Art. 14. Havendo fatos supervenientes após a aprovação dos demonstrativos contábeis, que venham a impactar o resultado do exercício, provocando mudança nos demonstrativos contábeis aprovados a Contadoria Municipal deverá ser comunicada formalmente que analisará a materialidade e a relevância, bem como adotará as providências necessárias quanto à fidedignidade das Contas Anuais de Governo e Gestão.
Art. 15. Compete à Secretaria Municipal de Administração promover a adequação dos limites e prazos do Poder Executivo para a realização ou limitação de empenho, em cumprimento ao disposto na Lei Complementar Federal n° 101, de 2000.
Parágrafo único.

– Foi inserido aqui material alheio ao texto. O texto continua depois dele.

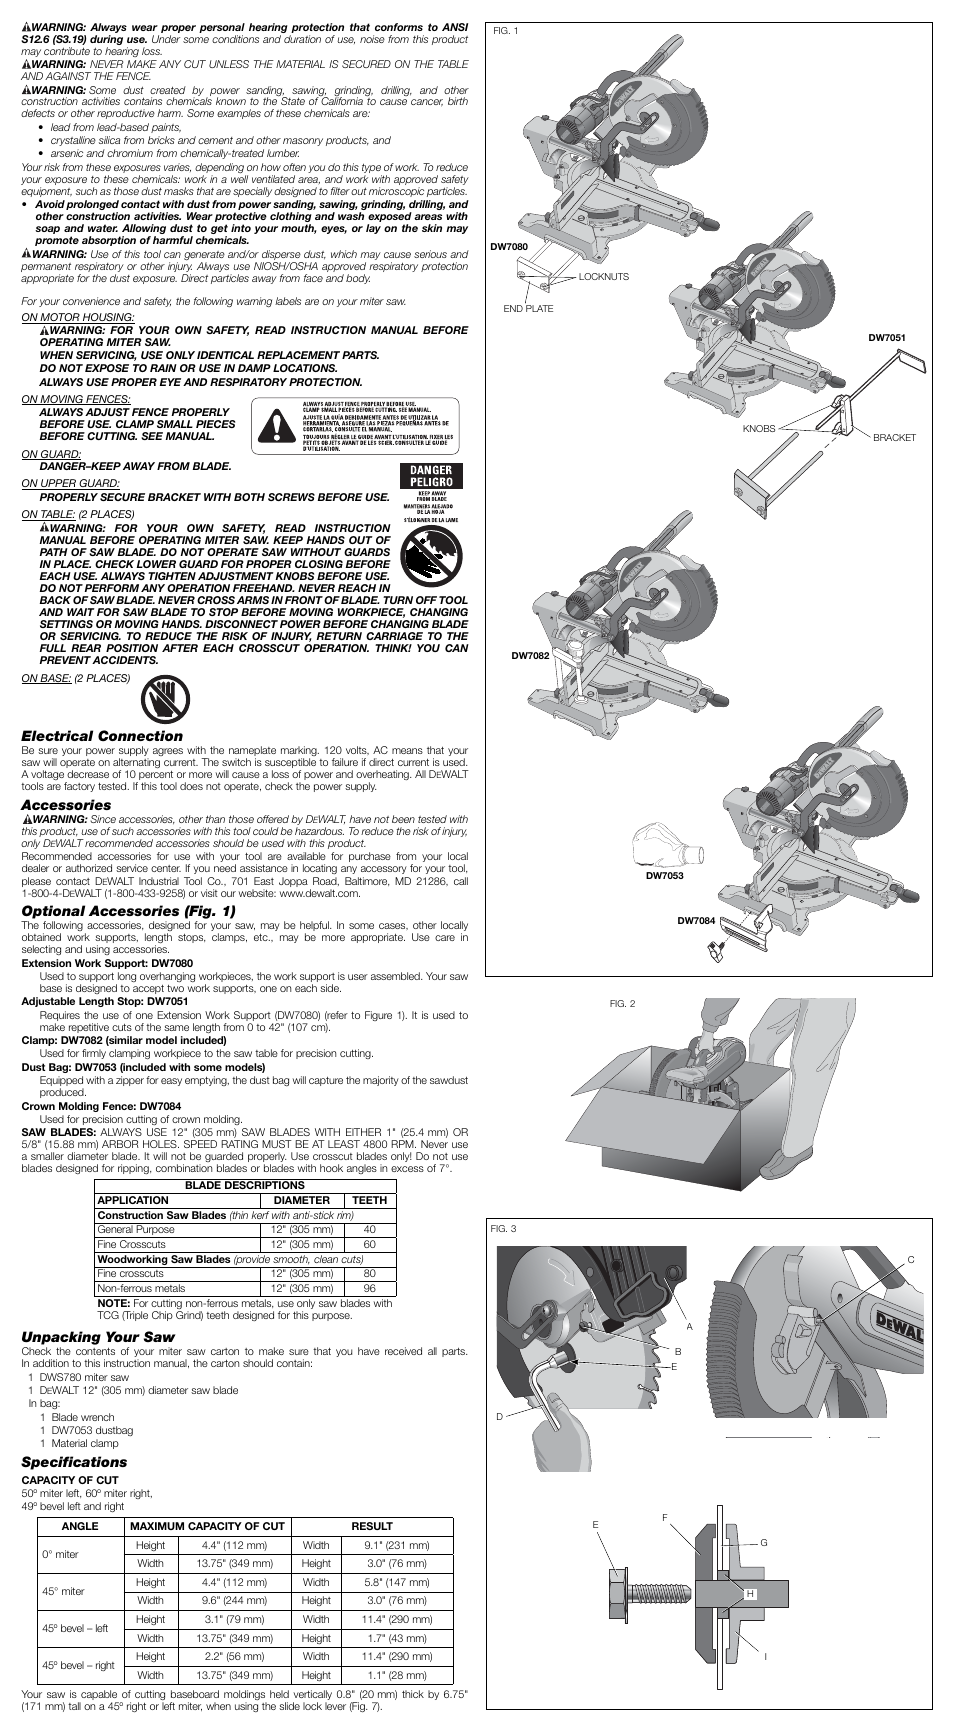 Electrical connection, Accessories, Optional accessories (fig. 1) | DeWalt  Double Bevel Sliding Compound Miter Saw DWS780 User Manual | Page 2 / 7 |  Original mode

Os ajustes e as limitações a que se refere o caput terão como base os relatórios de previsão e arrecadação da receita – produzidos pela Secretaria Municipal de Finanças.
Art. 16. Compete à Unidade de Controle Interno - UCI a elaboração de Relatório Circunstanciado de auditoria que acompanharão as contas governamentais, em cumprimento ao disposto na Resolução Normativa TCE/MT nº 33/2012.
Art. 17. A Unidade de Controle Interno - UCI monitorará o cumprimento deste Decreto, que encaminhará ao órgão competente os casos de não cumprimento dos prazos e procedimentos aqui fixados, para que seja apreciada a responsabilidade.
Art. 18. A data limite para o pagamento das despesas orçamentárias fica estabelecida em 22 de dezembro de 2025.
Art. 19. Para o encerramento do exercício de 2025, os lançamentos que envolvam reconhecimento de receitas/despesas orçamentárias deverão ser realizados até o dia 12 de janeiro de 2026.
Art. 20. A abertura do exercício financeiro de 2026 será realizada pela Secretaria Municipal de administração até o dia 14 de janeiro de 2026.
Art. 21 Este Decreto entra em vigor na data de sua publicação
Registre-se, publique-se e cumpra-se.
Gabinete do Prefeito de Nova Nazaré-MT, aos 02 de dezembro de 2025.